No se volvió a matrimoniar, se dedicó a consolar a viudas, solteronas, mujeres dejadas por aquéllos que se fueron al norte, y alguna que otra joven que intentó llevarlo de nuevo al altar.
En la tumba donde quedó su padre sepultó a su esposa.
Con su compadre, su viejo amigo de la infancia, llevó a bautizar al niño al templo. Después de la pila bautismal se fueron a celebrar a la cantina del pueblo y encargaron al bebé con sus amigas mezcaleras. Lo dejaron dormido en una arpilla de madera, de ésas que usan para transportar tunas y nopales.
Mientras el niño huérfano de madre crecía rodeado de mujeres que iban y venían de la casa paterna, también aumentaba la riqueza del padre, toros y más toros, más potreros en la sierra y el rancho con muchos trabajadores.
El ganadero comenzó a celebrar sus cumpleaños. Cerdos, gallinas, pollos, borregos y chivos vivían sus últimos días previo a la fiesta. Esos guateques fueron agarrando fama y cada vez eran más grandes y duraban al menos tres días esas celebraciones.
Estaban dormidos, cansados por la fiesta, cuando los despertó el galope de un caballo, un empleado llegó para avisar que se habían robado los toros del potrero donde estaban reunidos para ser llevados a la matanza.
Armados salieron a caballo, por días siguieron el rastro del ganado, el cual se perdía al llegar a las vías del ferrocarril. Nunca halló a sus toros.
Ofreció 12 centenarios de oro a la persona que le dijera quién le robó su ganado. En menos de tres días ya tenía la lista de los cuatreros. Pudo haber vendido potreros y usado sus ahorros para comprar más toros y vacas, pero decidió buscar a los ladrones y cobrarse la ofensa que le hicieron.
Uno por uno los fue cazando. Los cuerpos repletos de plomo aparecían debajo de donde los zopilotes volaban en círculo, a todos les faltaban las manos, como buen matancero sabía cómo destazar los cadáveres de aquéllos que le robaron sus toros.
Los familiares de los rateros le suplicaban que les devolviera las manos para sepultar los cuerpos completos, pero él se negó.
Dejó de ir a misa y a las cantinas, bebía mezcal en su casa junto con su gavilla de cazadores, sus cómplices, sus asesinos a sueldo.
Pronto se corrió la fama del matancero que ejecutaba y cortaba las manos de los cuatreros. La autoridad no lo molestaba. Dejaron que el hombre limpiara de coyotes la zona.
Cuando mató al último de los cuatreros que le faltaba, recibió un escopetazo en el brazo izquierdo, le quedó colgando de apenas unos jirones de carne, y luego de cortar las manos del ratero, él se amputó el brazo.
No quedaba nadie a quien matar.
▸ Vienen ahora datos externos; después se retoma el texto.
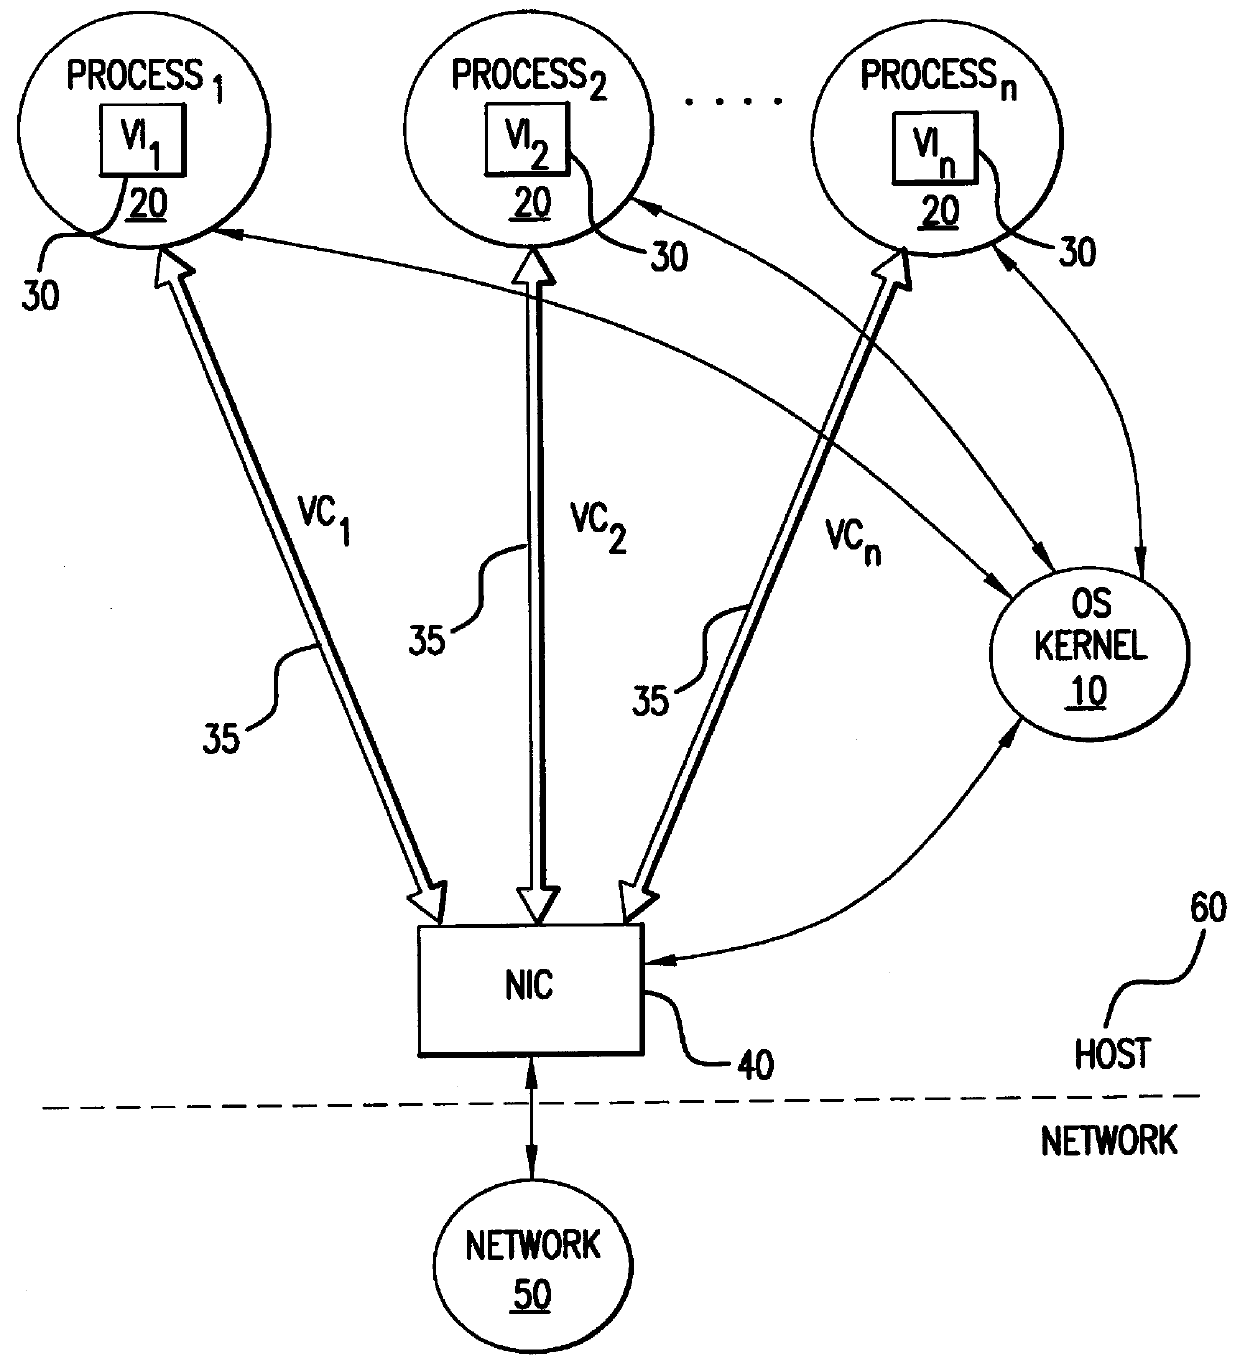 Hierarchical interrupt structure for event notification on multi-virtual circuit network interface controller
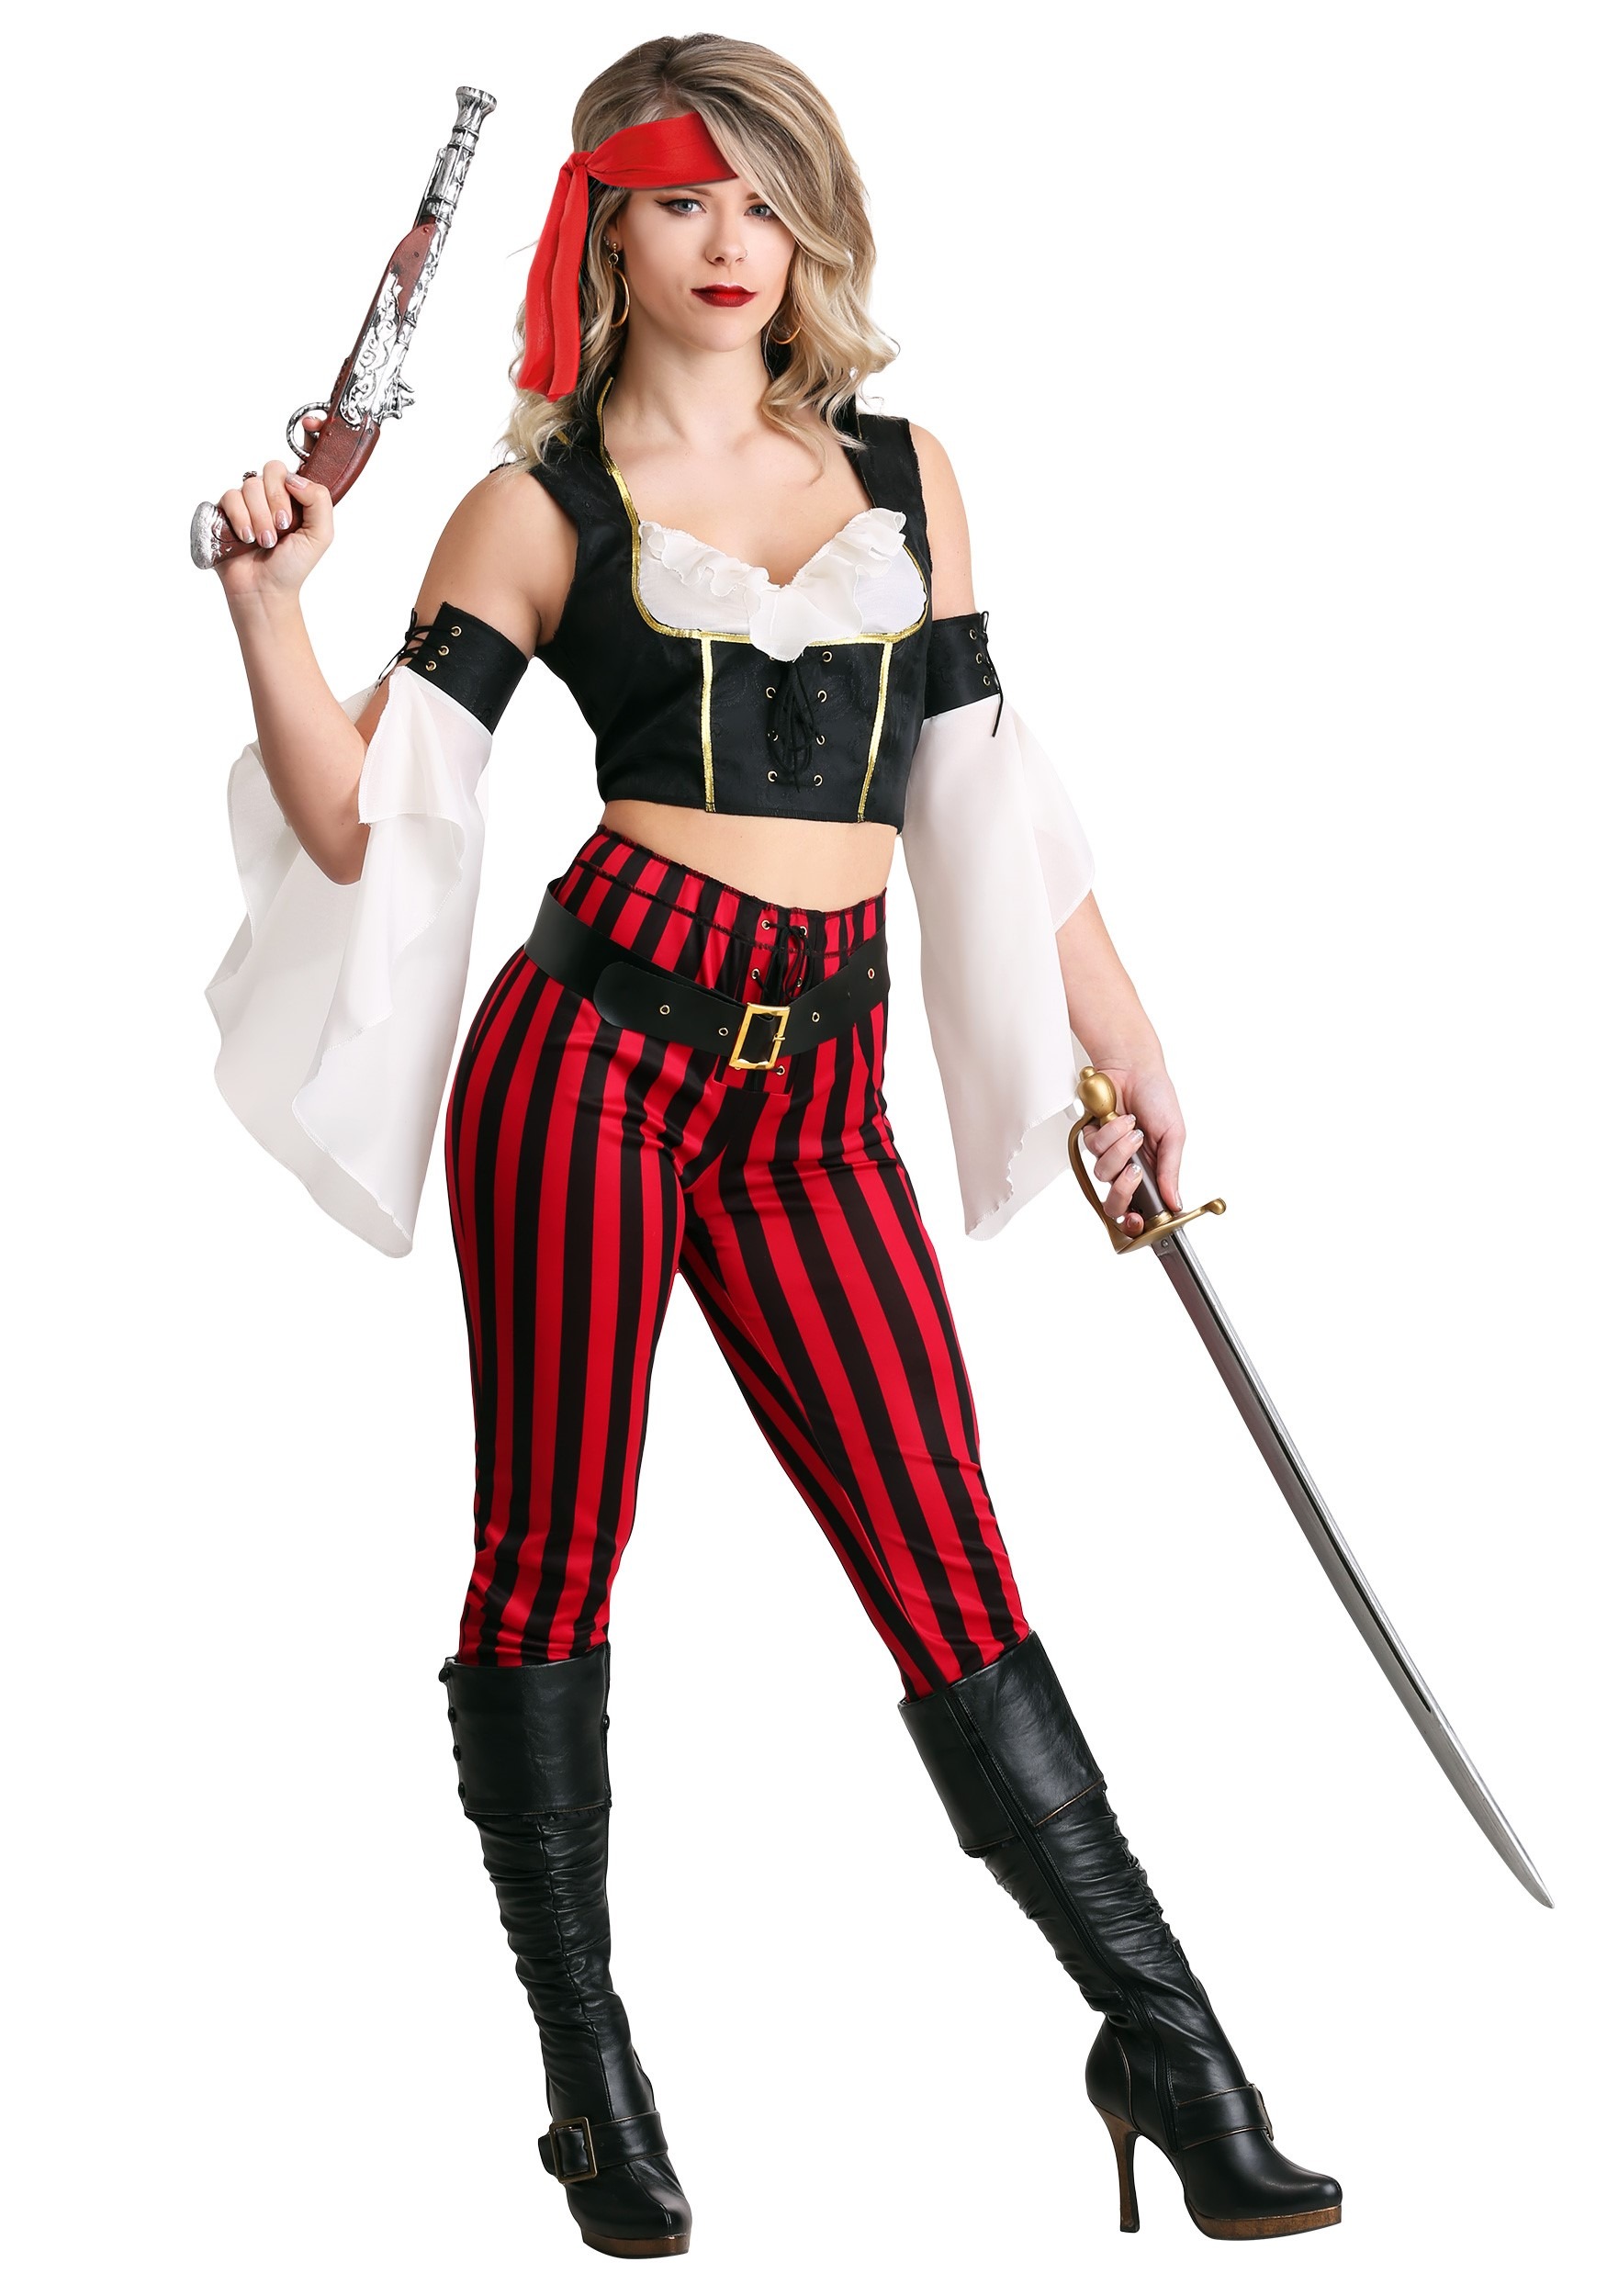 https://images.fun.com/products/52281/1-1/salty-seas-pirate-womens-costume.jpg
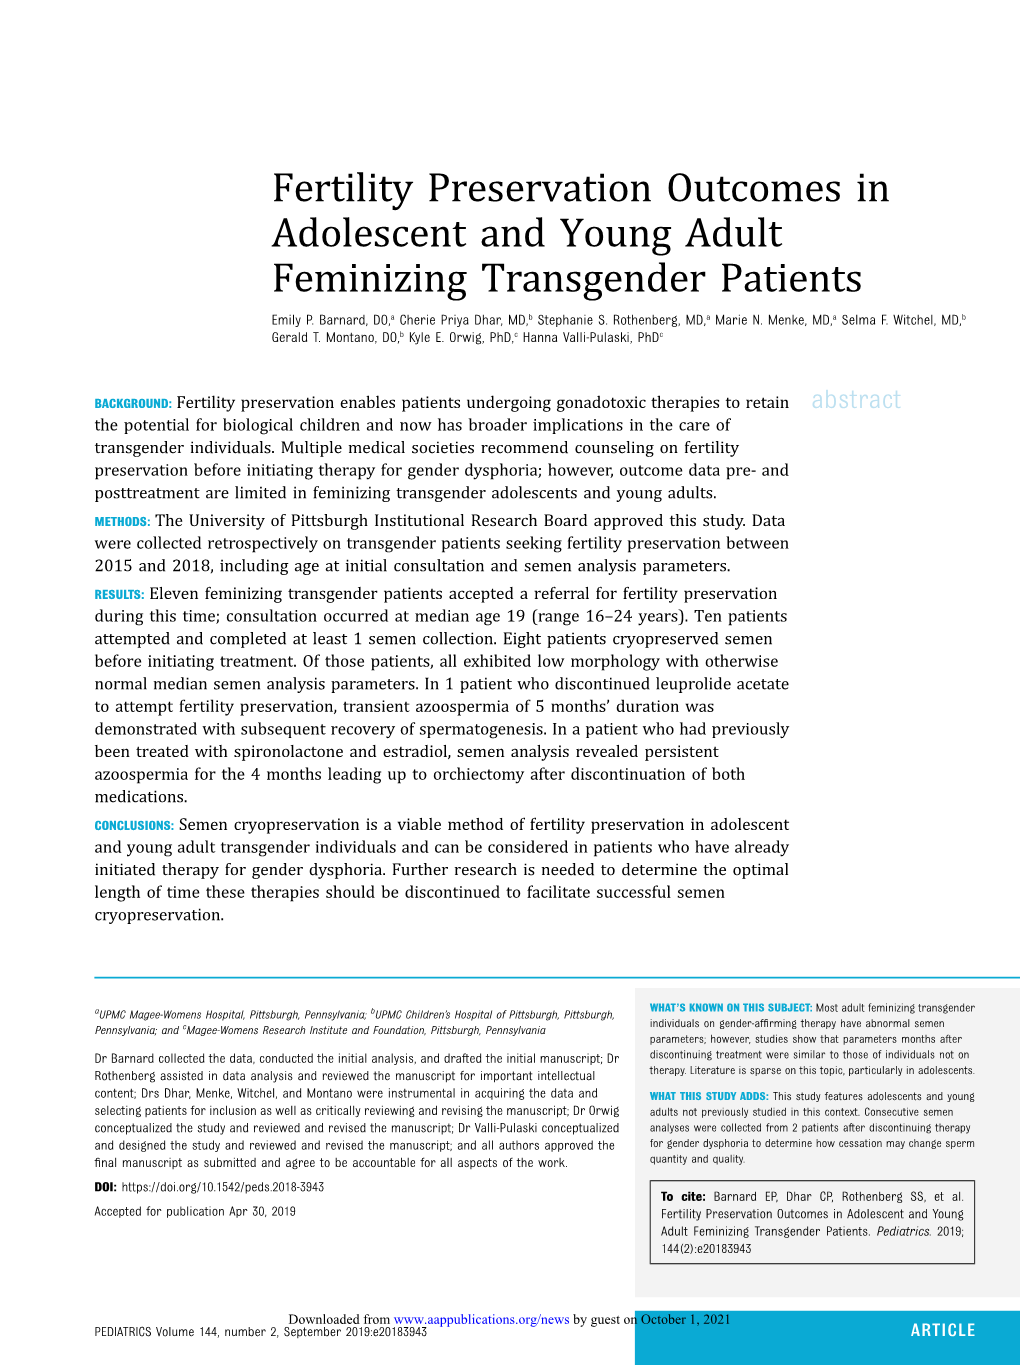 Fertility Preservation Outcomes in Adolescent and Young Adult Feminizing Transgender Patients Emily P

Sin su brazo izquierdo, cansado pero satisfecho, regresó a su rancho. Acompañado de su hijo cenó frijoles de la olla con tortillas y salsa.
Con tantas muertes encima y familias resentidas en su contra, supo que estaba de más en esas tierras. Vendió lo poco que le quedaba a su compadre y se fue de ahí.
Agarró a su muchacho, tomó un tren y se alejó de ese pueblo que llenó de cadáveres sin manos. No regresó, pero tampoco nadie lo olvidó. Dejó viudas y huérfanos en un pueblo sin cuatreros.
Las manos que cortó a los coyotes, sin que nadie se diera cuenta, las cercenó y las echó al corral de los cerdos de su compadre, los puercos se las tragaron, los cerdos que posteriormente se comió la gente del pueblo.